Set down a true copy of the data, with all pictures left out.

### Recorded data
· · · · ·

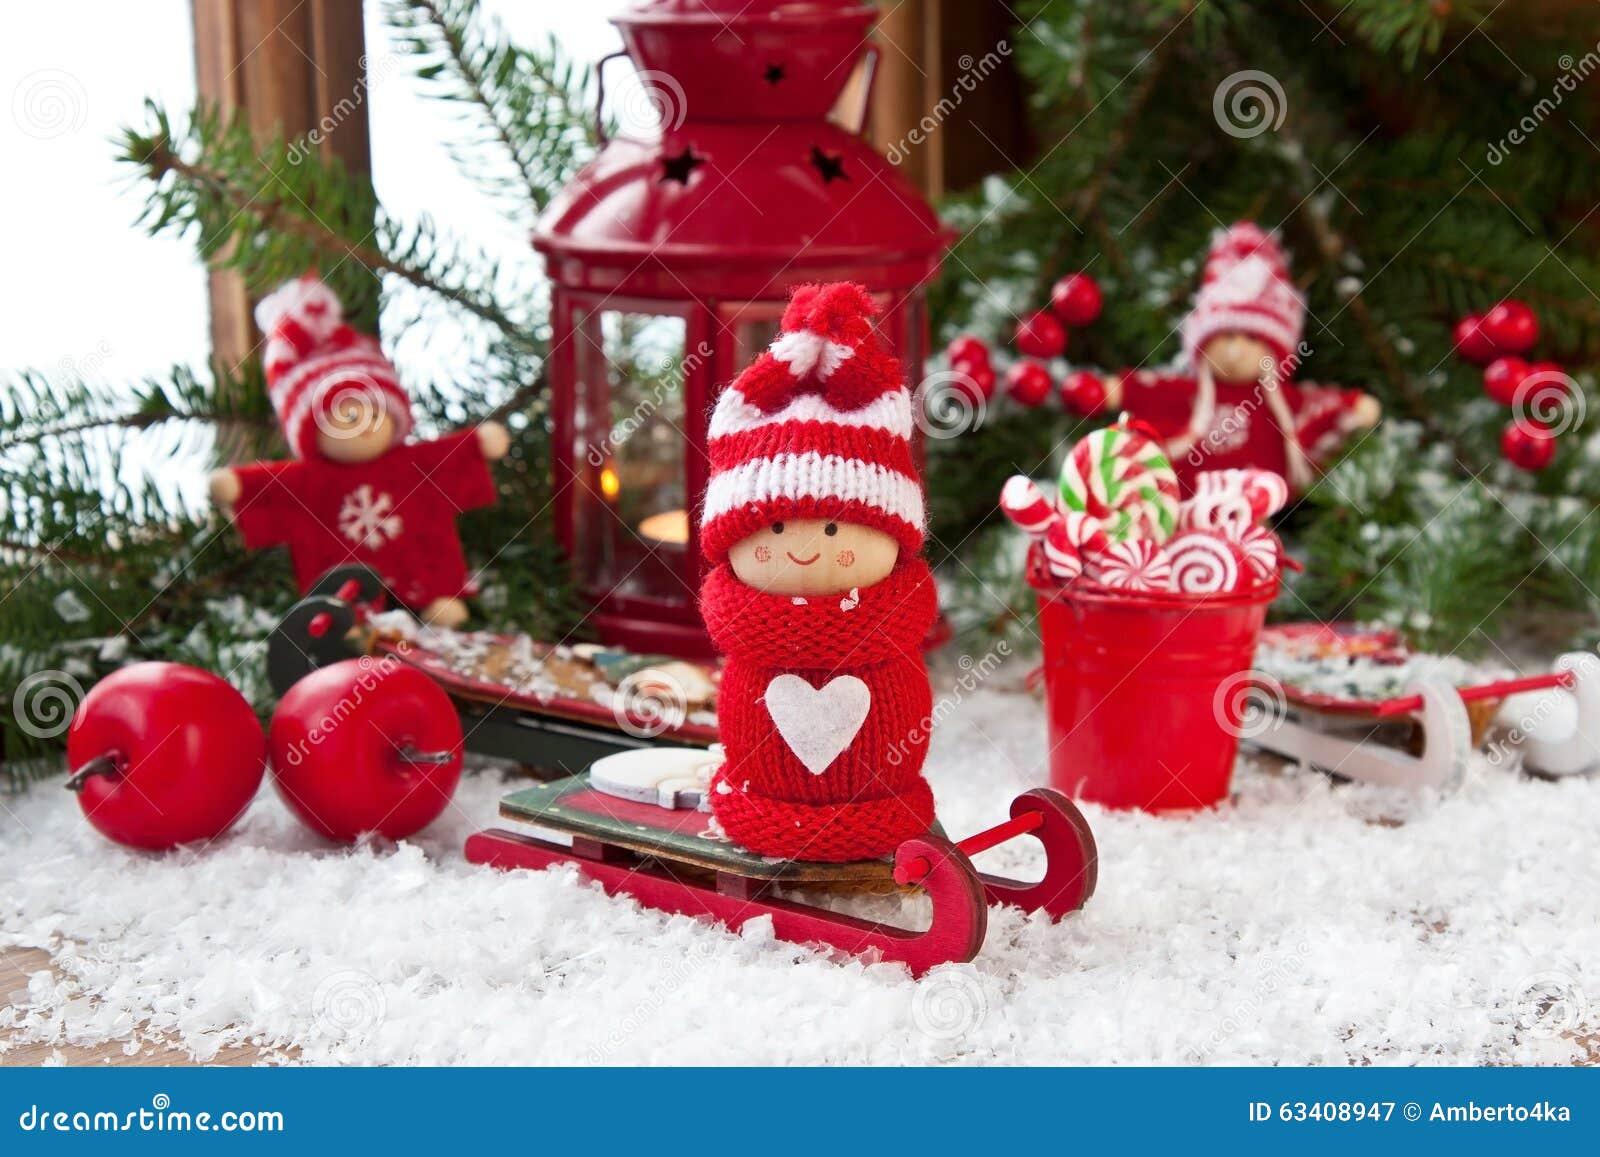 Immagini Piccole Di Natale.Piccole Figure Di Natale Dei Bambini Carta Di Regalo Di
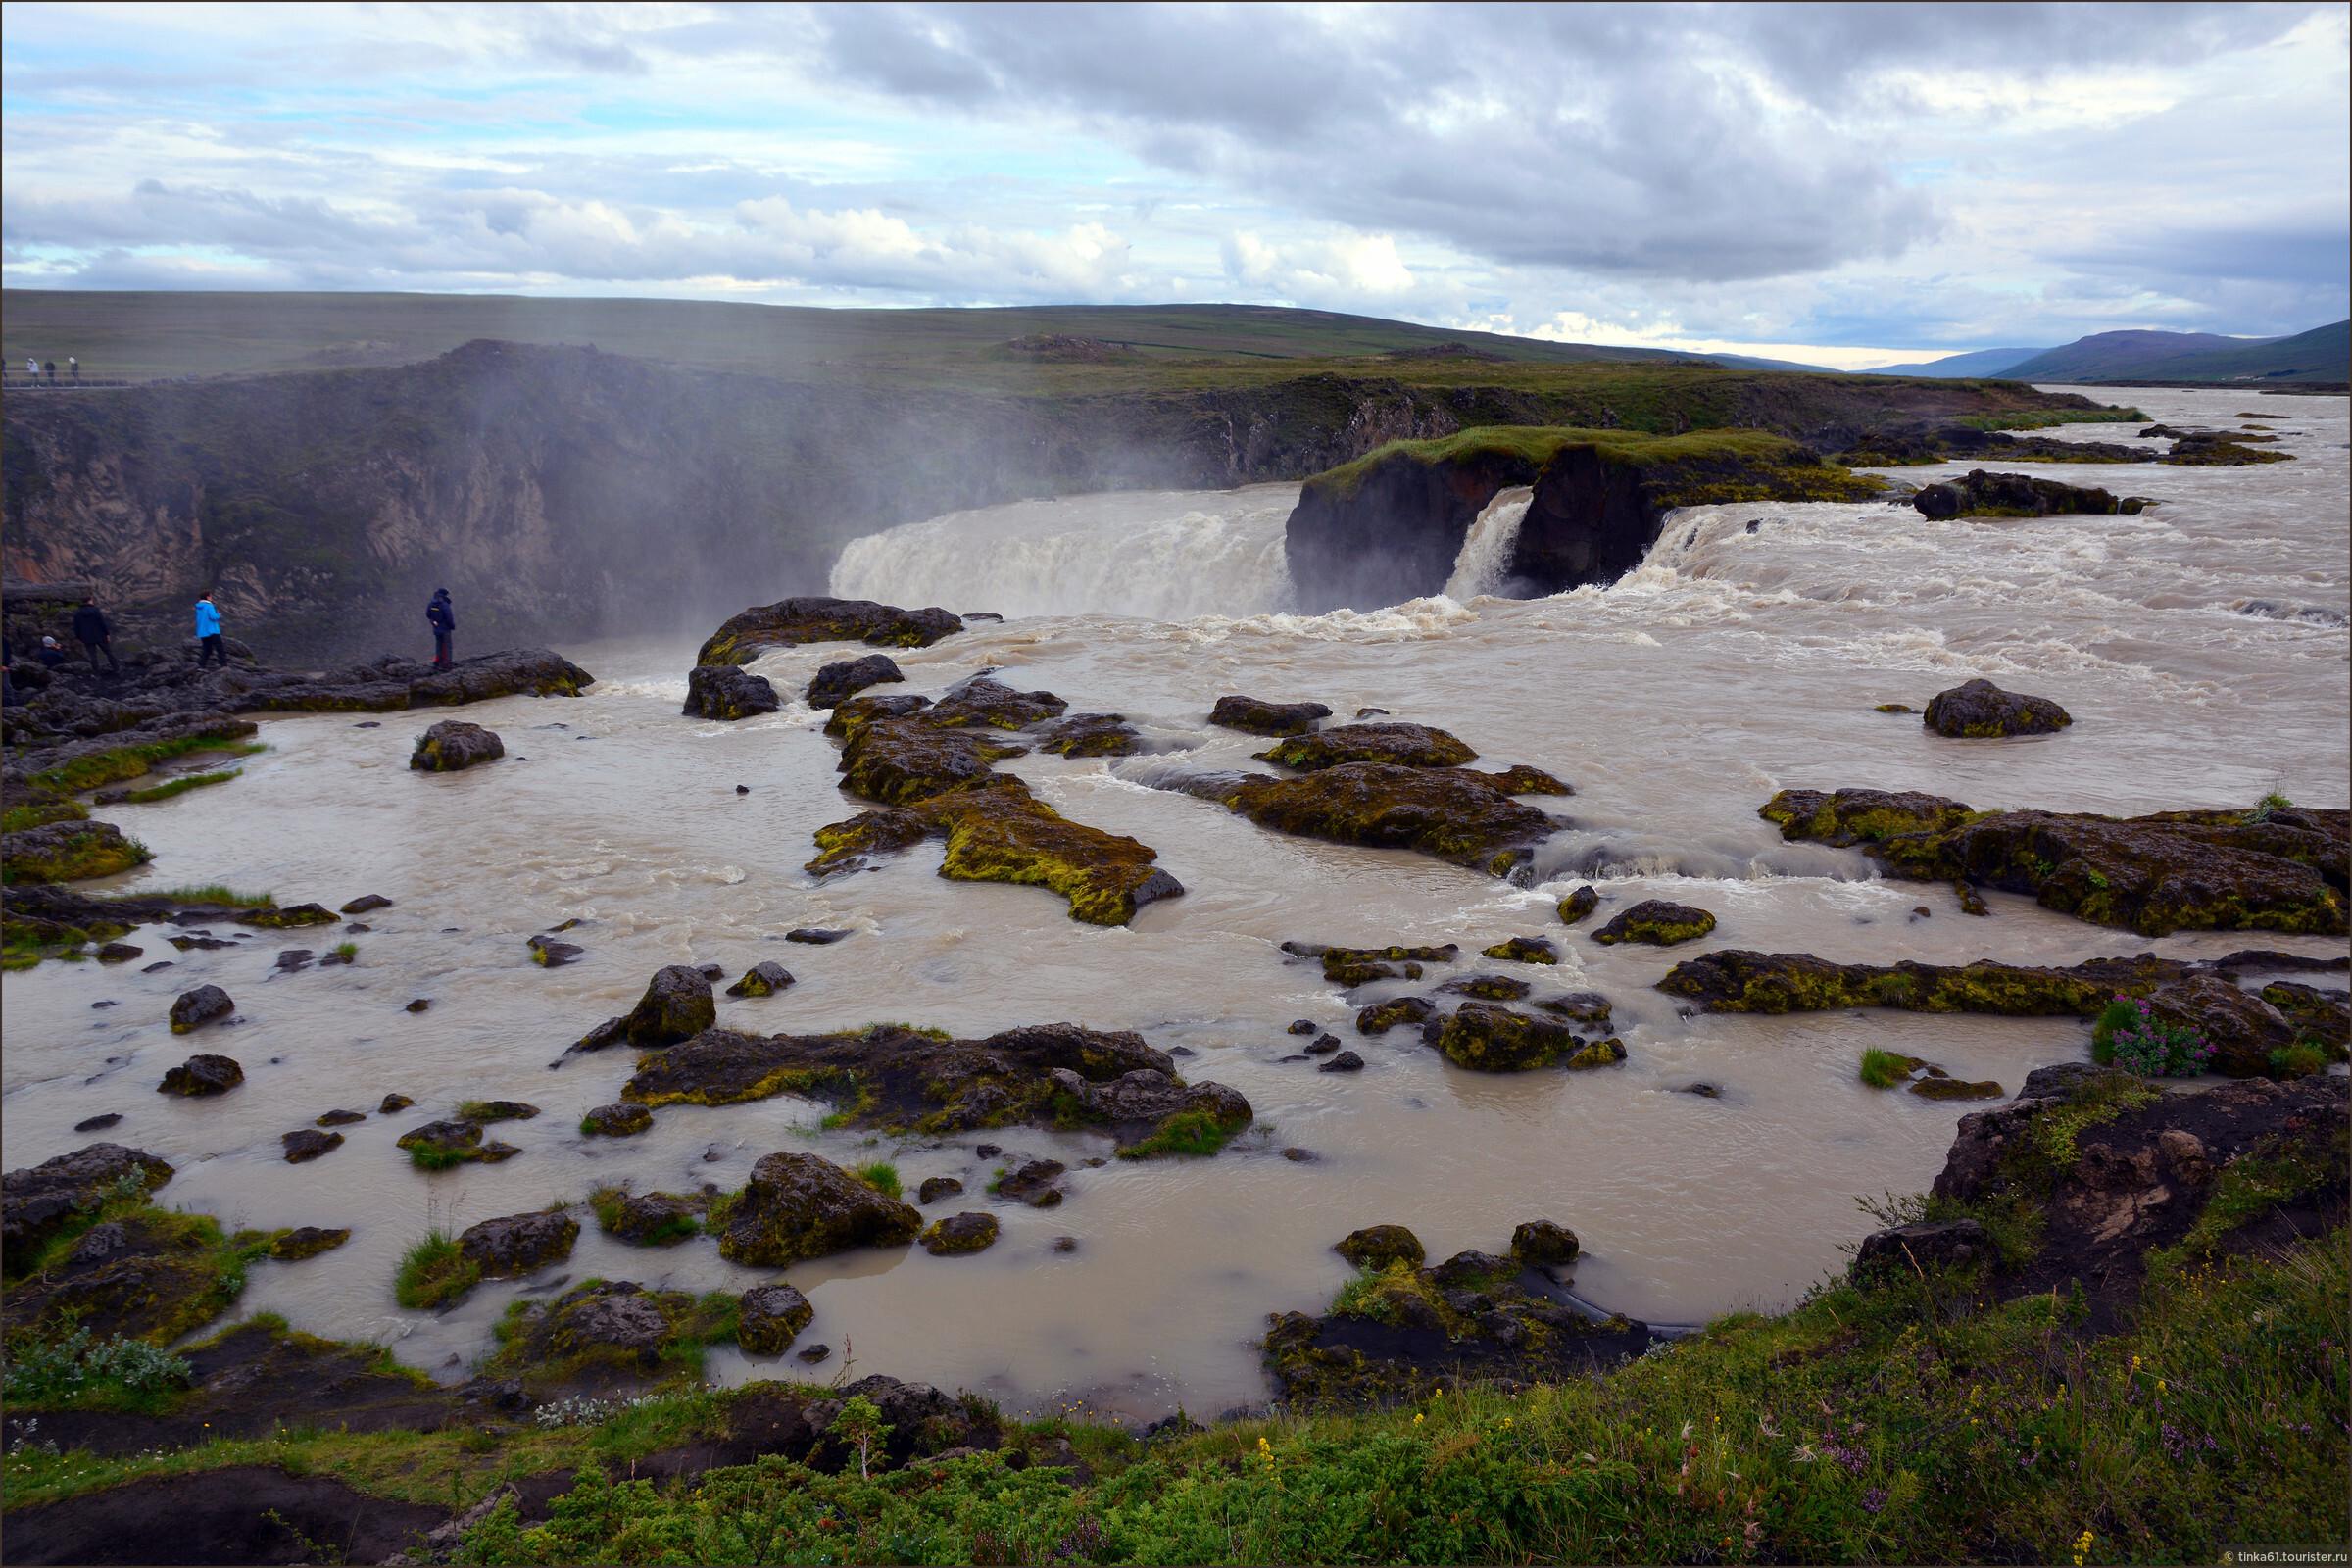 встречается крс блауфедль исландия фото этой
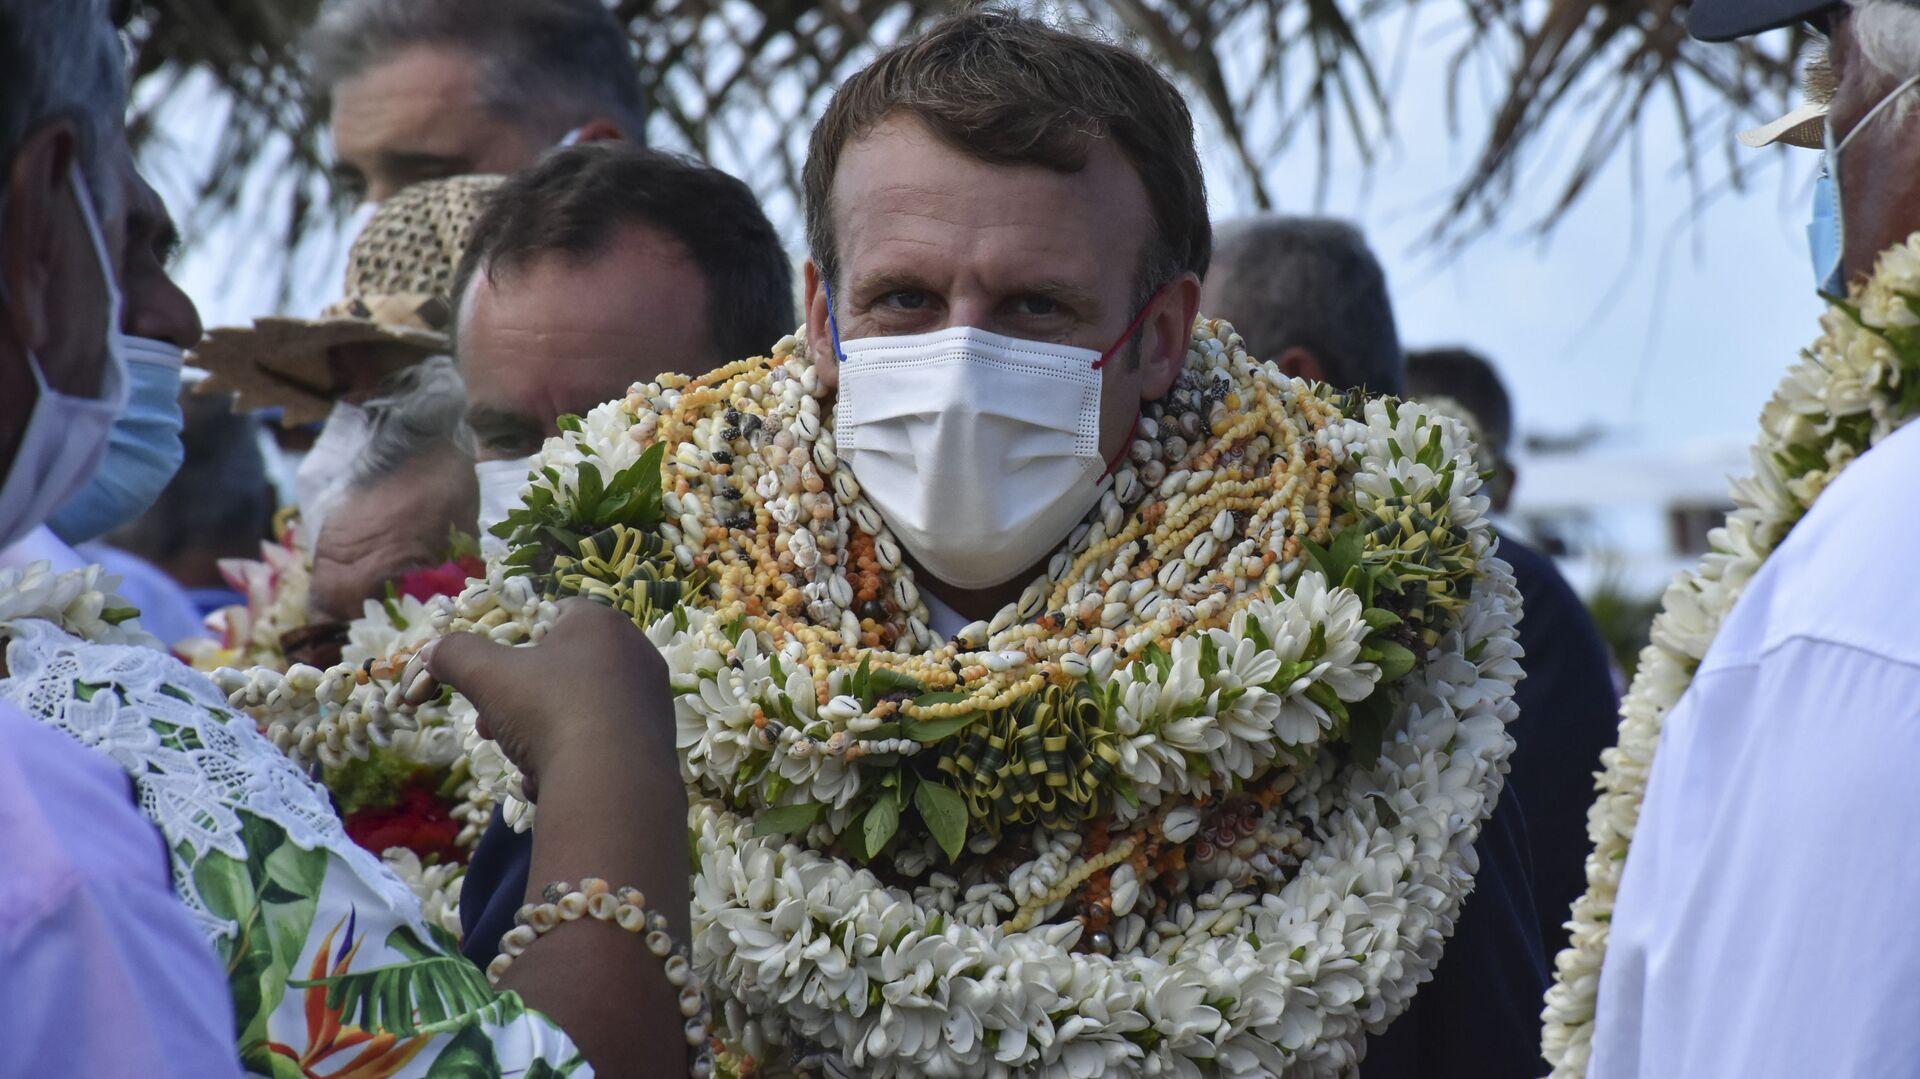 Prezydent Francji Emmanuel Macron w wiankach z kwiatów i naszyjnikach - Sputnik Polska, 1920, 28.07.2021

· · · · ·

### Task response
 Immagini Piccole Di Natale.Piccole Figure Di Natale Dei Bambini Carta Di Regalo Di
 встречается крс блауфедль исландия фото этой
 Prezydent Francji Emmanuel Macron w wiankach z kwiatów i naszyjnikach - Sputnik Polska, 1920, 28.07.2021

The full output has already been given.